- [To do]:
For this exercise, repeat the whole listing below exactly. Leave the pictures out.

*** Opening of The data ***

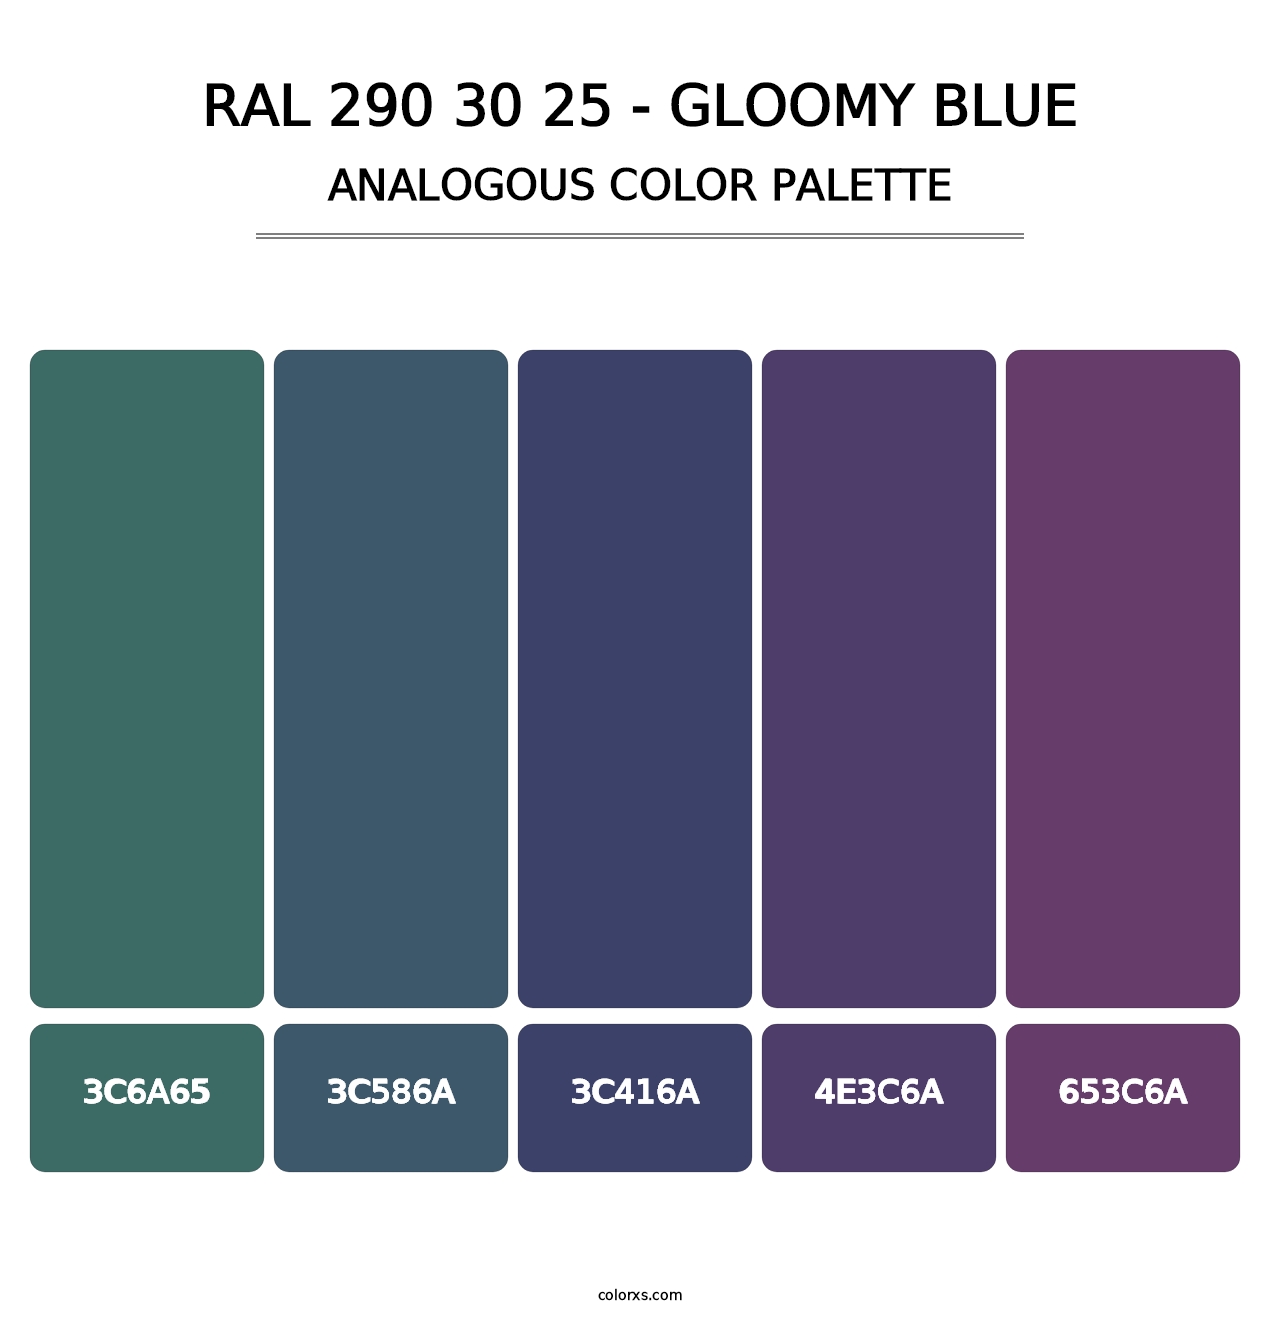 RAL 290 30 25 - Gloomy Blue - Analogous Color Palette
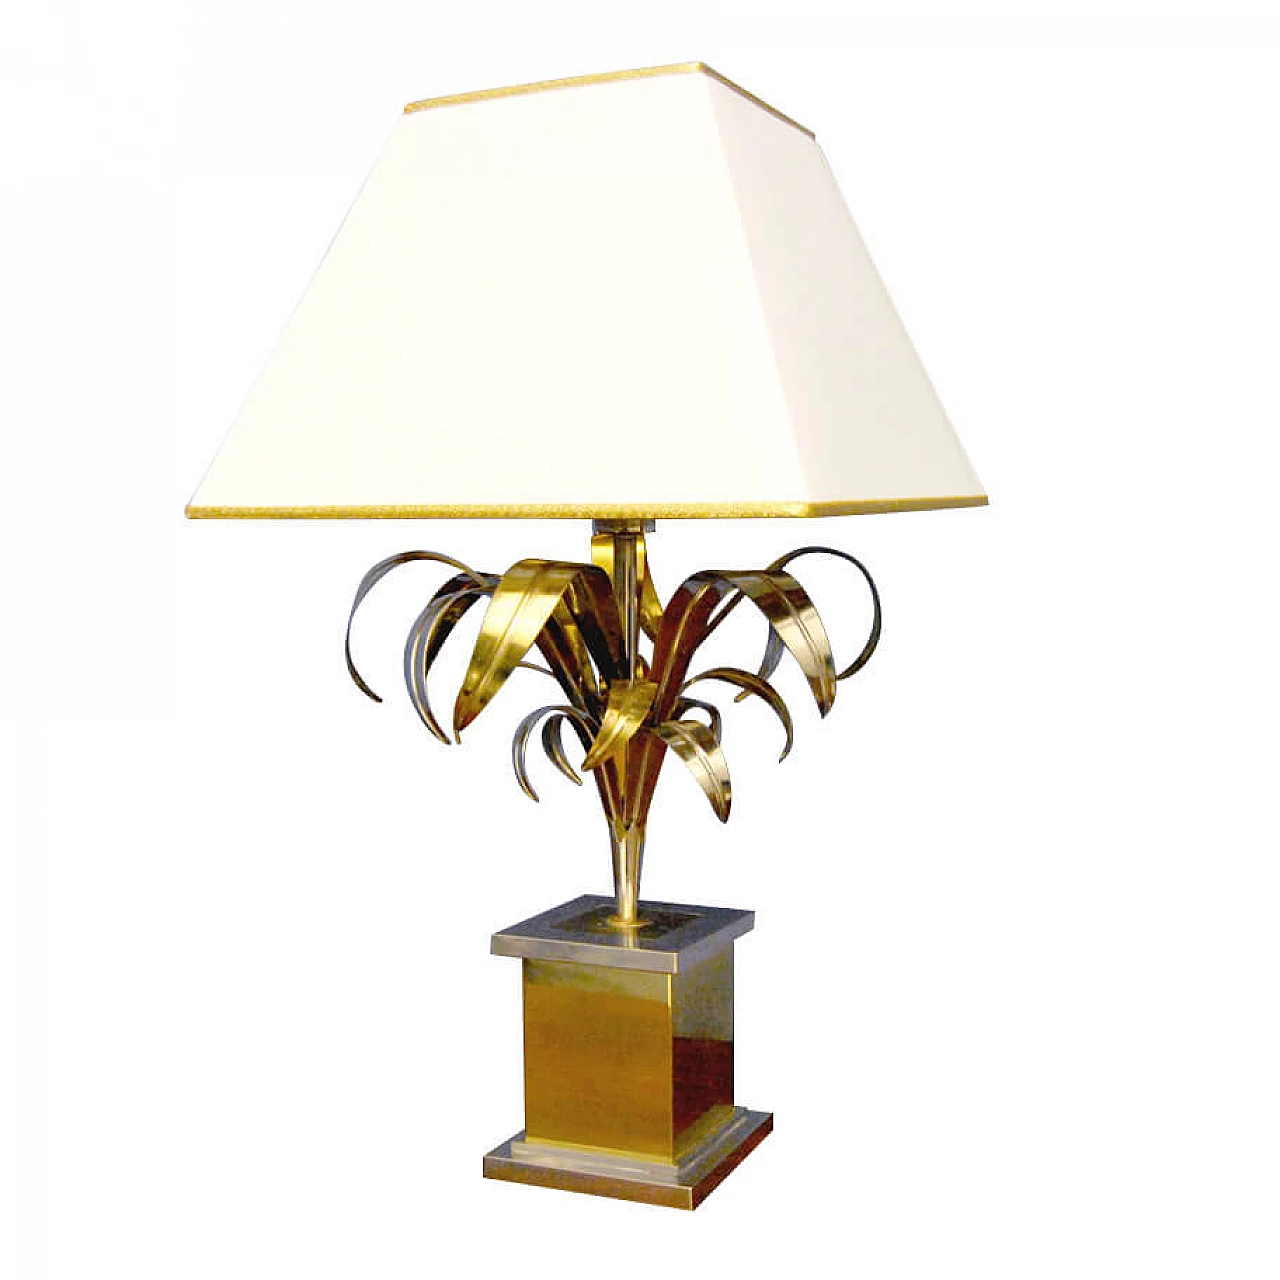 Brass table lamp attributed to Willy Rizzo, 1960s 1375392
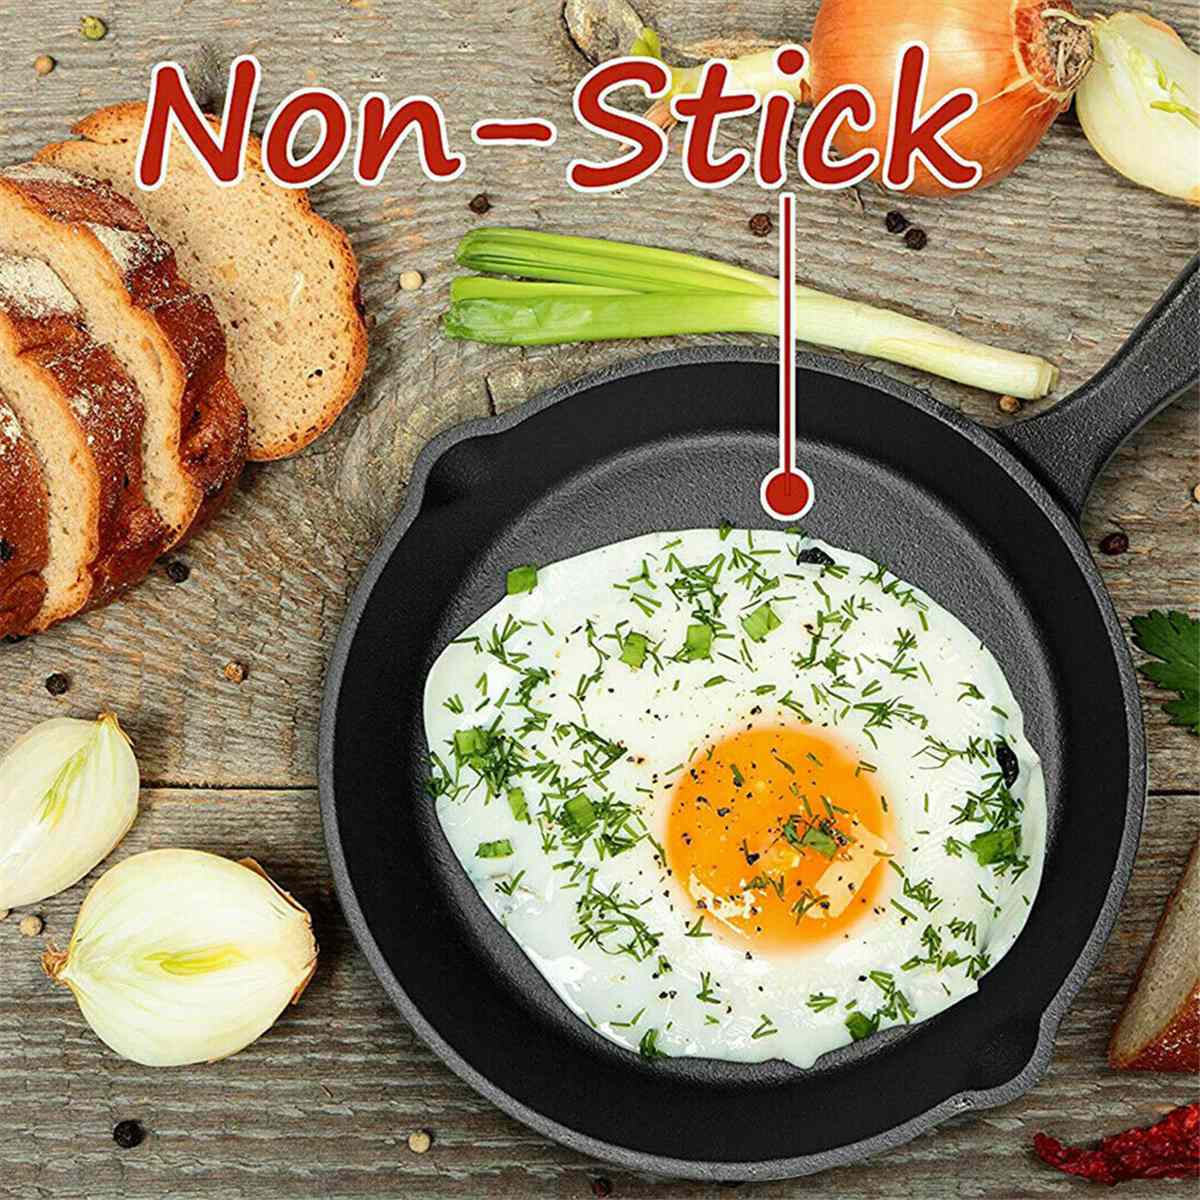 Country Kitchen 9.5” Frying Pan Black Eco Friendly Nonstick

*** Close of The data ***

- [Expected answer]:
 RAL 290 30 25 - Gloomy Blue - Analogous Color Palette
 Brass table lamp attributed to Willy Rizzo, 1960s 1375392
 Country Kitchen 9.5” Frying Pan Black Eco Friendly Nonstick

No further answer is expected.